Тугова гора
Шрифт:
Только тут все заметили пластом лежавшего на палубе человека. Купец подхватил его под мышки, поднял на ноги. Вид человека был страшен, глаза бессмысленно блуждали, под распахнутым кафтаном виднелась окровавленная повязка.
Размахивая свободной рукой — второй поддерживал ослабевшего человека, — купец возмущенно выкрикивал:
— Вот как заповедь русская — не чинить купцам помех— блюдется у нас. Битый!.. Ограбленный!.. Нашел я его на берегу. Товаров при нем никаких, а ладья изрублена, на мелководье затонула.
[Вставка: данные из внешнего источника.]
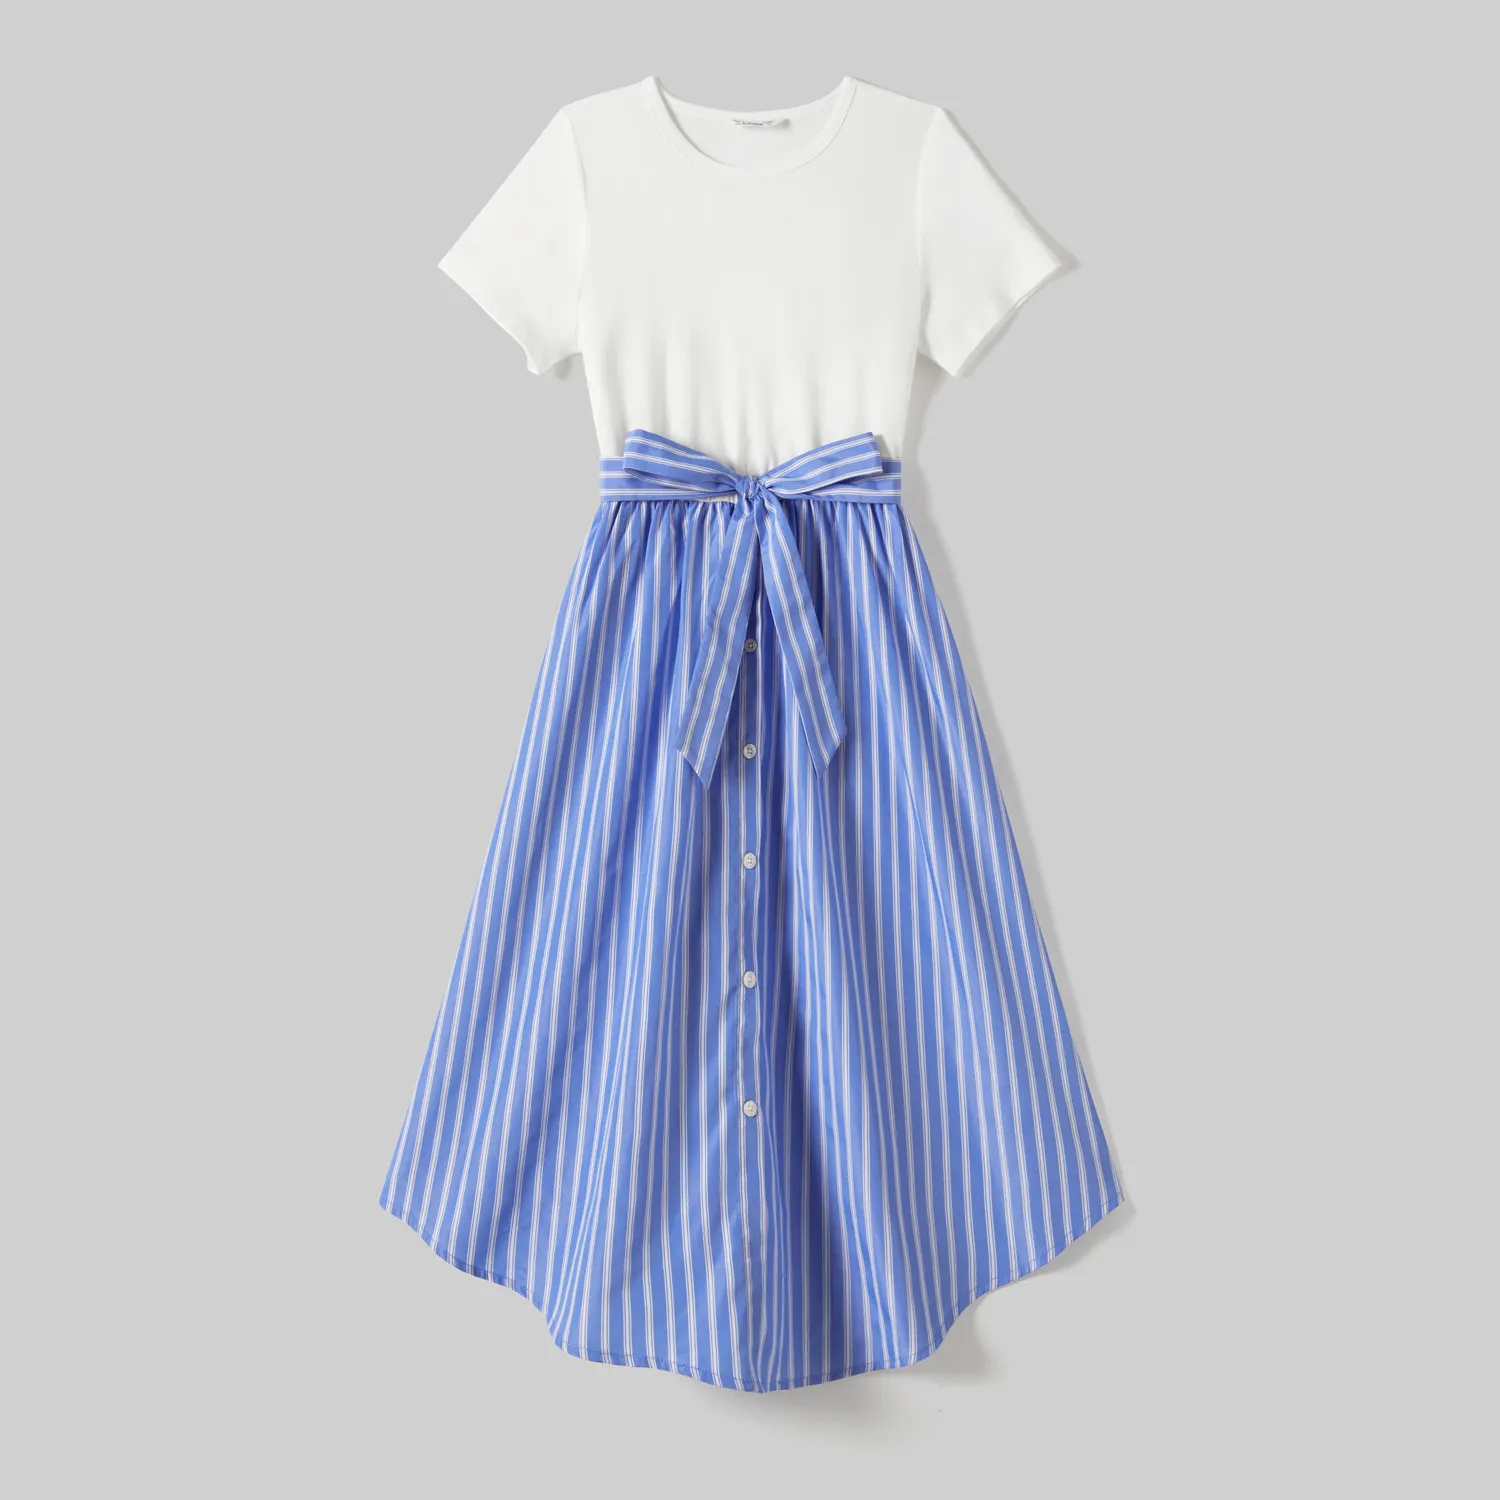 Family Matching Striped Button Belted High Low Hem Dresses And Striped Short Sleeve Tops Sets

И сидит с ним на бережку молодец, красавец, целехонек. Кто его знает, кто он? Говорит,
Из трюма выволокли дюжего парня со скрученными за спиной руками. Лицо скуластое, широкое, губы толстые. Парень глуповато оглядел толпу и, подняв к солнышку глаза, громко чихнул. Расплылся вдруг в улыбке, — наверно, оттого, что не ко времени чих напал.
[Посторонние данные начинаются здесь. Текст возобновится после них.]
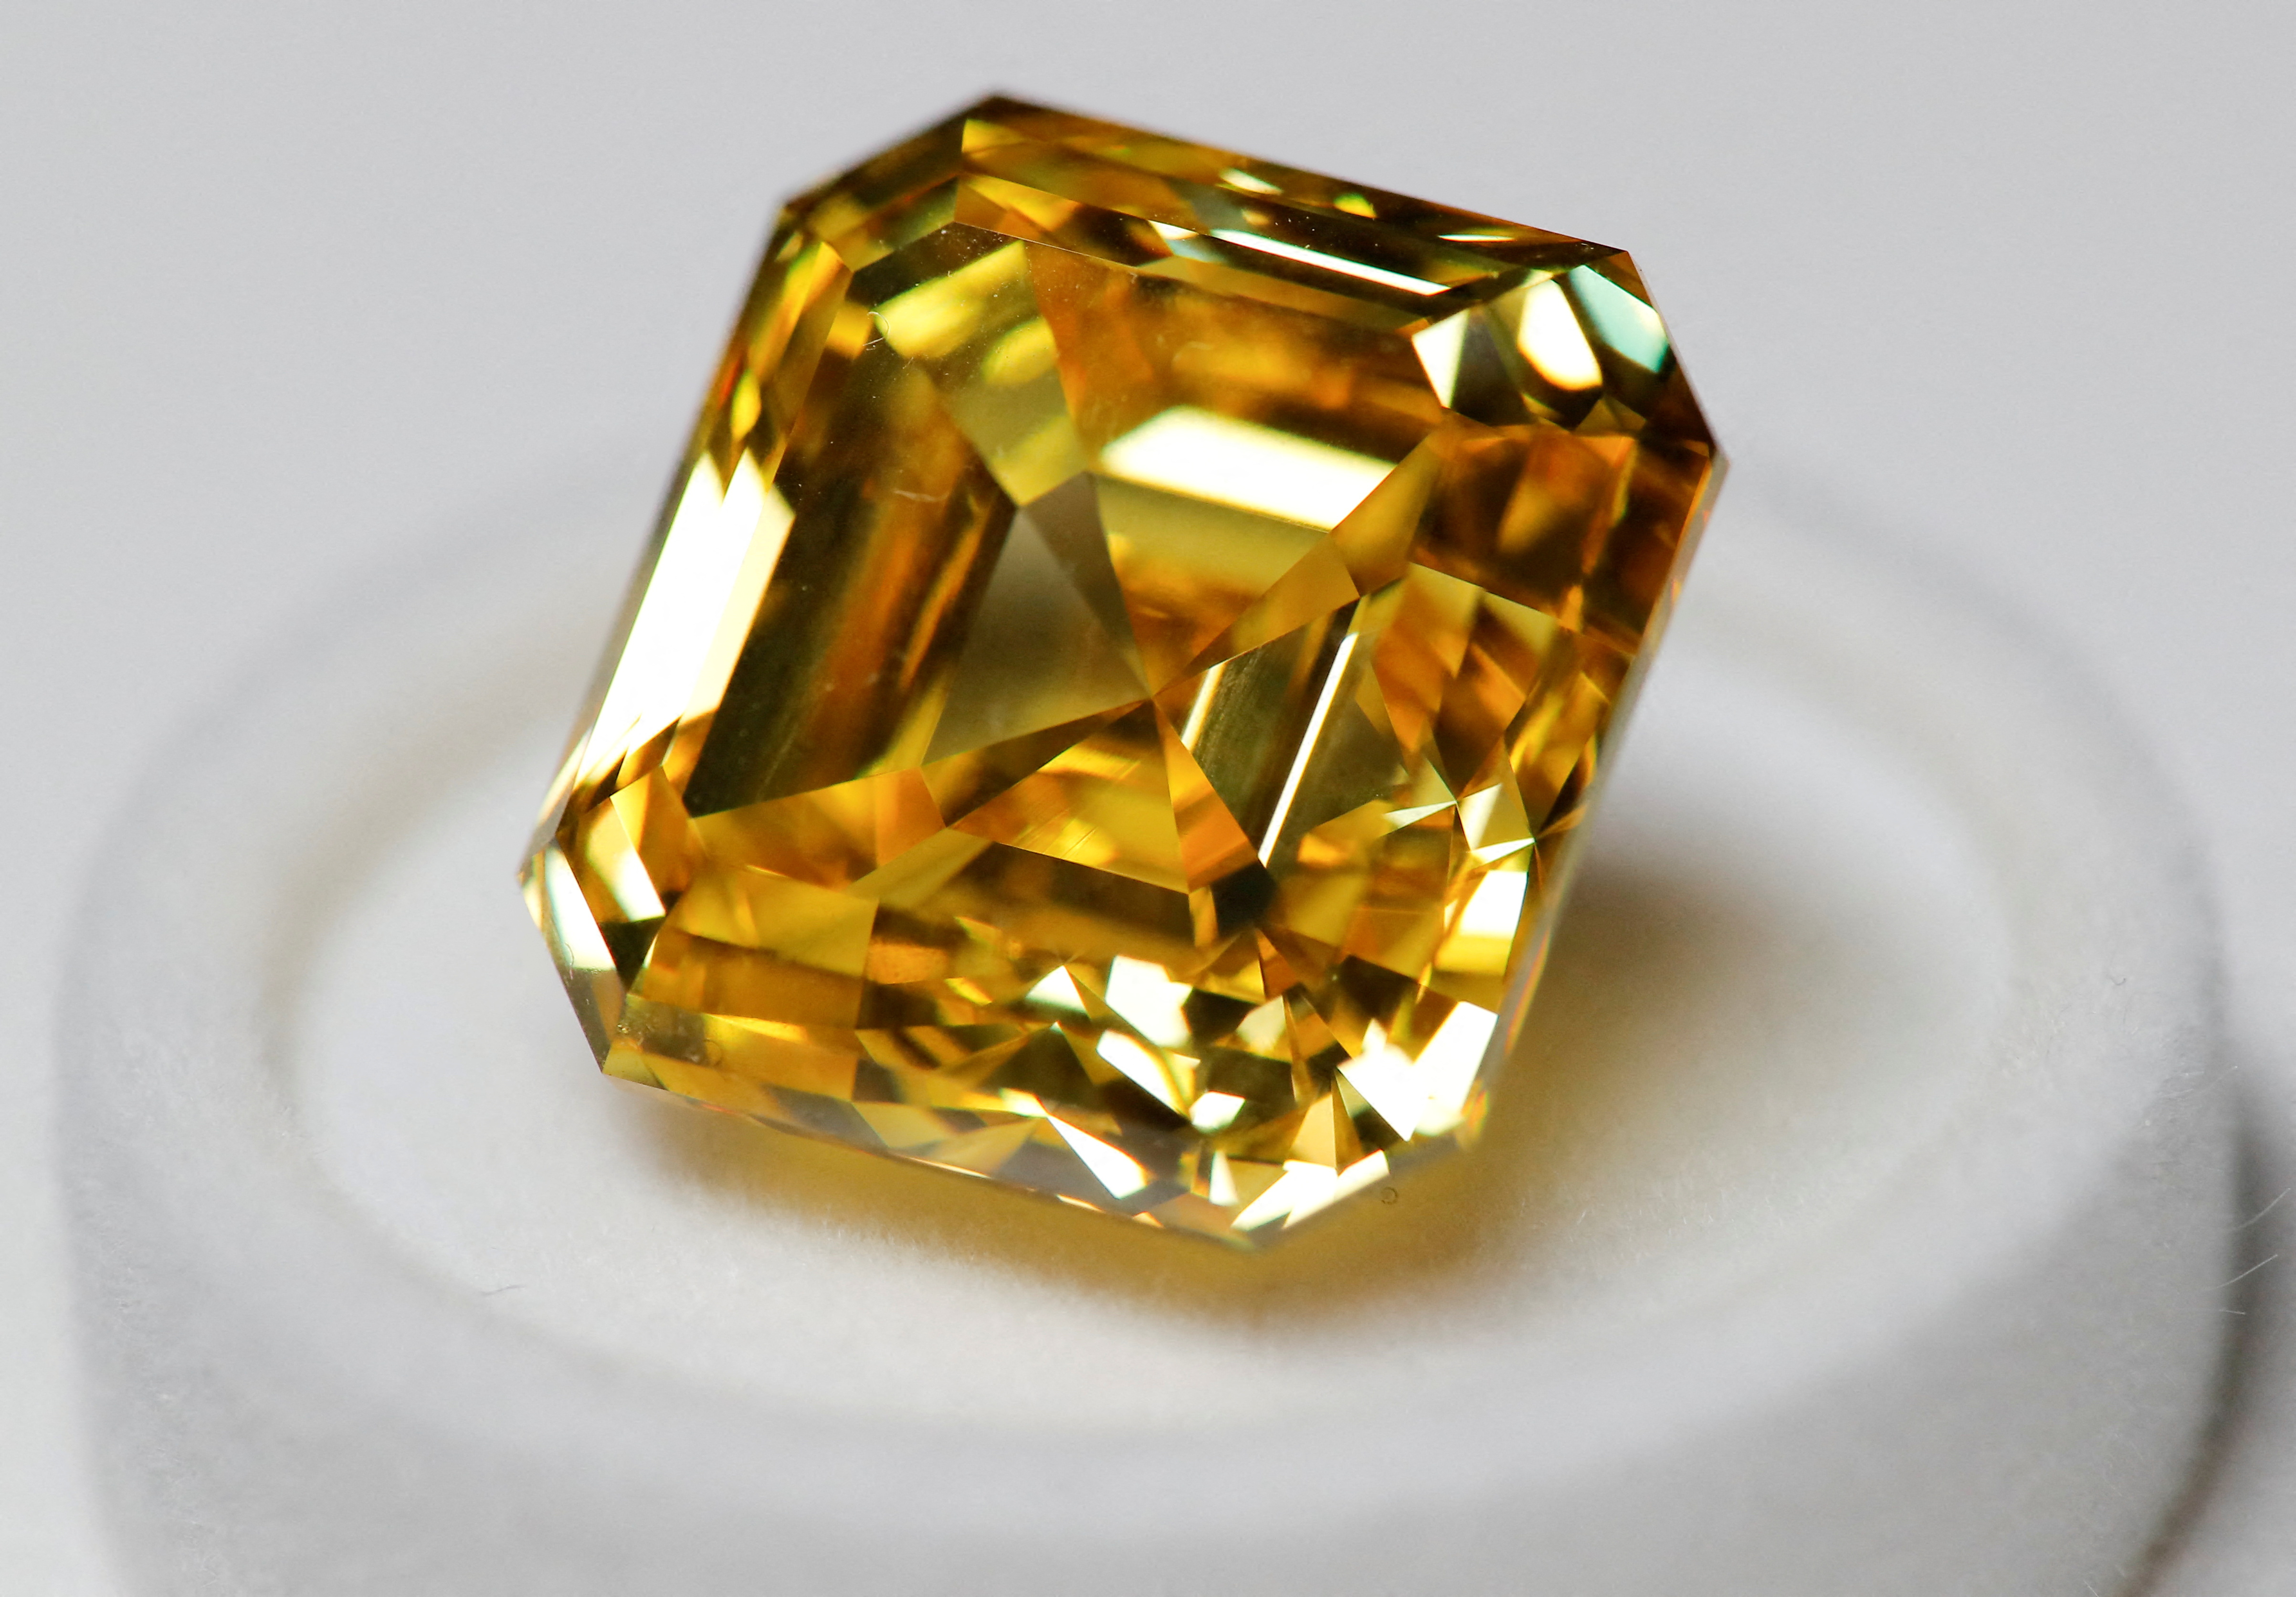 A 20,69-carat yellow diamond is pictured during an official presentation by diamond producer Alrosa in Moscow

— Ишь, щерится! — крикнули из толпы. — Рожа-то какая! Наверняка с шатучими татями был.
— С такого станется! Чисто разбойник!
— Вестимо станется! Как увидел его, в смущение вошел: не разбойник ли? — торопливо заговорил купец, обрадовавшись поддержке. — Ну-ка, милок, говори честному народу: ты ли навел татей, отчего тебе милость от них?
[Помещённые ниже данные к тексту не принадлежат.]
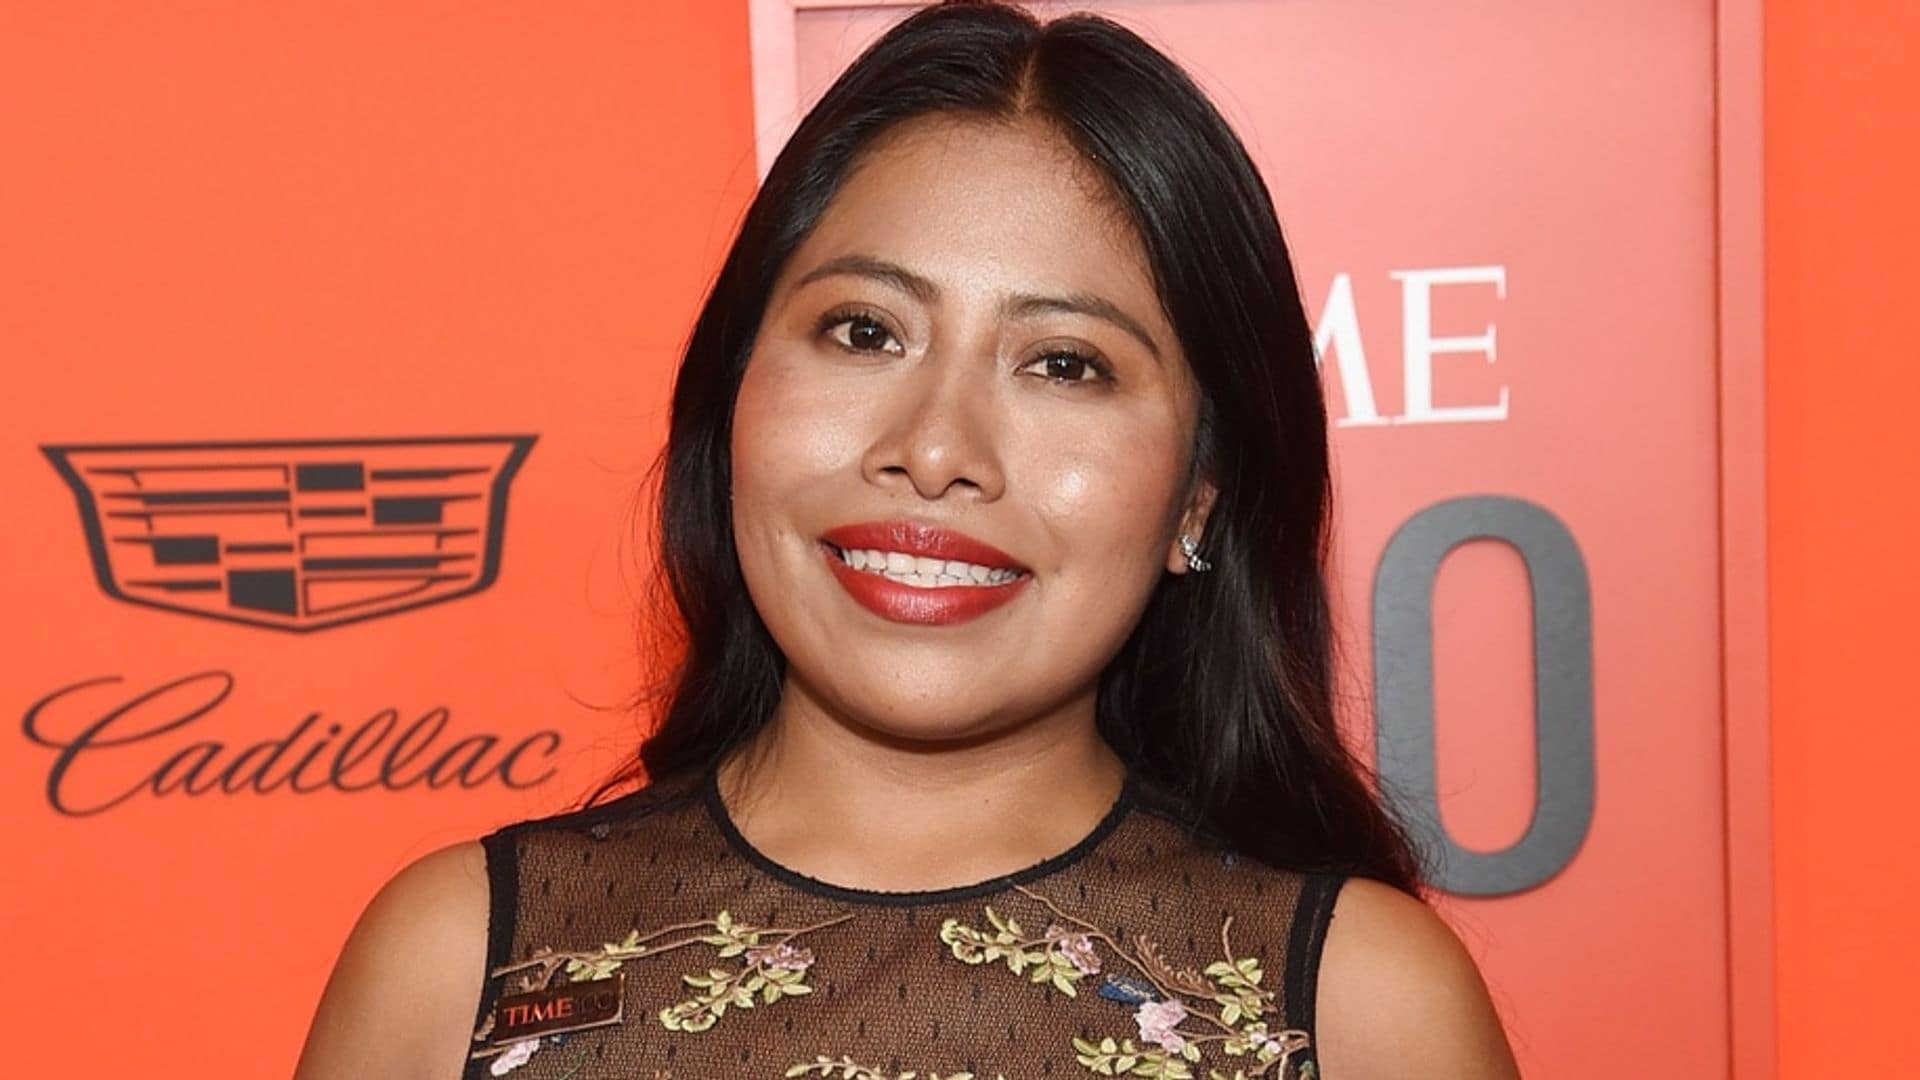 Yalitza Aparicio reveals her future plans and shares fashion tips from her stylist

Парень захлопал глазами: слова купца рассердили его.
— Ин, как тя распирает, — обидно сказал он. — Послушать подольше, так не иначе — тать, разбойник, А я увернулся, меня и не заметили. Я, когда отошел от страха, — стал он объяснять толпе, — подполз: Костька и Кудряш порублены, а Семен Миколаич еще живой, дышит. Перевязал его. Костьку и Кудряша, конечно, схоронил и ждал: может, кто появится на подмогу. А этот налетел, ничего не спросил… Татары нас побили, — выдохнул парень.
Толпа глухо заволновалась: темные слова сказал парень. Много всего от татар натерпелись, но такого лиха — купца без нитки оставить, да еще и порубить, — давно уже не было. Их баскаки дань собирают, тут уж никуда не денешься, их власть, но чтоб такое?..
— От них, супостатов, чего ждать, — неуверенно донеслось из толпы. — Они могут.
— Сумнительно что-то, браты…
Связанный парень, обиженный недоверием, сердито выкрикнул:
— А вот вы Семена Миколаича спросите! Опомнится он — скажет.
— Монах меня мечом полоснул, — слабым голосом сказал вдруг очнувшийся раненый купец. Ноги у него были как ватные, хозяин ладьи продолжал поддерживать его, — Чернец в рясе… Темно было, а разглядел…
Гул прошел по всему берегу, притиснулись ближе.
— Господи, пресвятая богородица, да что же это такое? — послышались сомневающиеся голоса. — Один — татары, другой — чернец. Подозрительно все это.
— А я так скажу! — вылетел наперед мужичок в войлочном колпаке, суетливый. — Тащи их, други, к князю. Пусть судит.
— Давай к князю, — поддержали его. — Пусть на княжом дворе разберутся.
— То так! Князь Константин молод, а разберется. Он рассудит!
Раненого купца с бережением положили на телегу. Связанный парень шел сбоку под неусыпным надзором хозяина прибывшей ладьи: его пленник, ему и сторожить его, и к князю доставить. Толпа любопытных повалила за подводой.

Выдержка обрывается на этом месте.